Человек с тонкой чувствительностью и ясным умом, взволнованный злом и несправедливостью мира, ищет способ их уничтожить – в первую очередь там, где они наиболее ярко проявляются, вблизи себя; и он найдет их в своем собственном существе. Он будет увлечен этим делом в течение всей своей жизни.

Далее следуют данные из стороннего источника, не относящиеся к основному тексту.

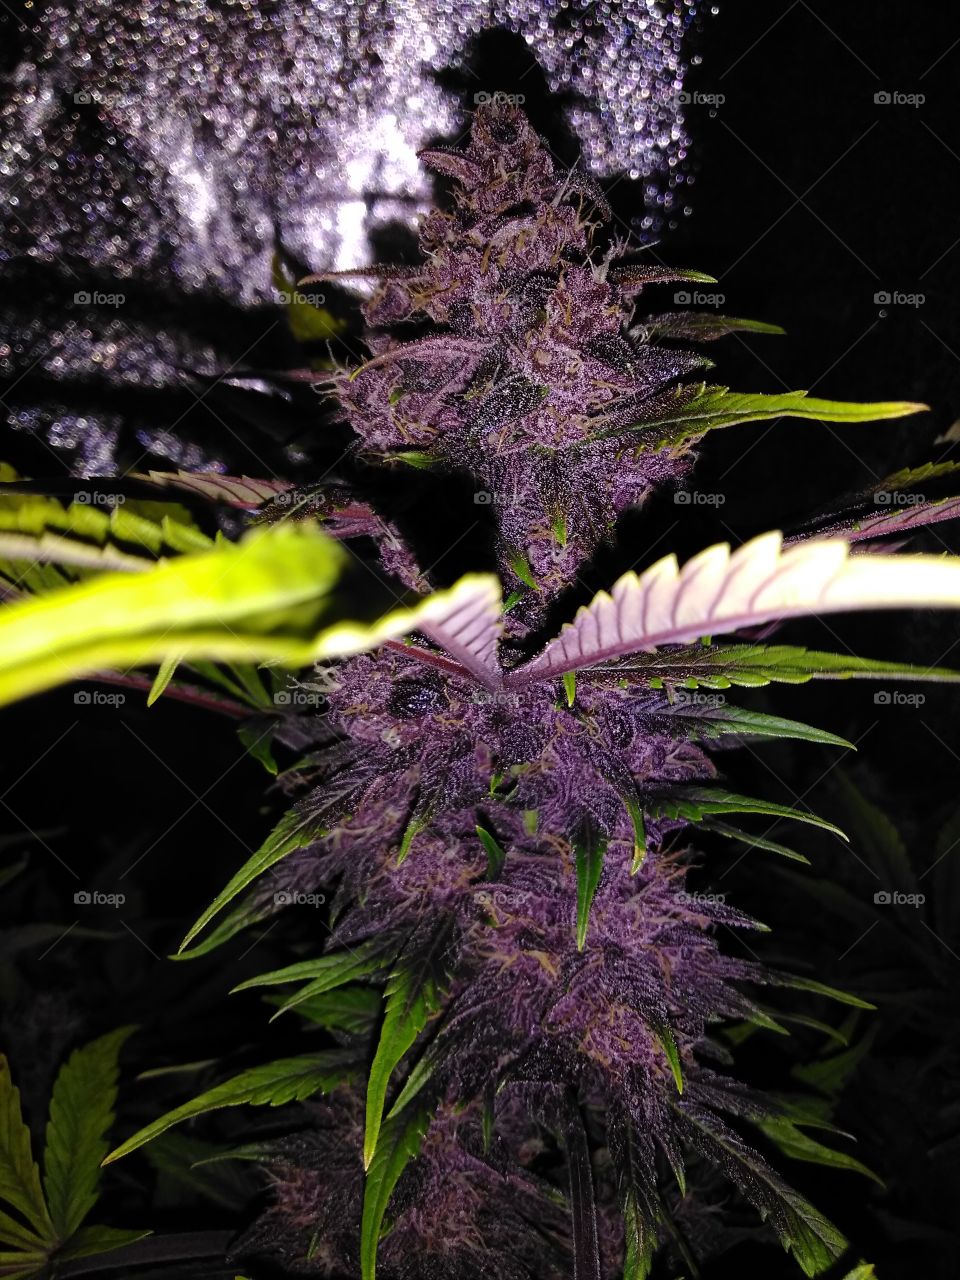 dark purple cannabis flower

Все для нас входит в наше представление о мире; изменить наше представление о мире – значит изменить мир, ведь для нас никогда не будет мира, кроме того самого, что существует для нас. Та внутренняя справедливость, ради которой мы пишем какую-то страницу, текучую и прекрасную, то истинное преобразование, ради которого мы оживляем свою мертвую чувствительность, все это – правда, наша правда, единственная правда. Большее, что есть в мире, – это пейзаж, рама, обрамляющая наши ощущения, переплетение того, о чем мы думаем. Да, это он, будь то многокрасочный пейзаж из предметов и живых существ – полей, домов, объявлений и одежды, будь то унылый пейзаж однообразных душ, поднимающийся на мгновение на поверхность в старых словах и избитых жестах, опускающийся снова на глубину фундаментальной глупости в проявлении человеческих чувств.

Революция? Изменения? Чего я очень хочу, всей искренностью моей души – чтобы ушли эти вялые облака, намыливающие серость неба; чего я хочу – видеть, как синева начинает проявляться среди них, истина достоверная и ясная, потому что она – ничто и ничего не хочет.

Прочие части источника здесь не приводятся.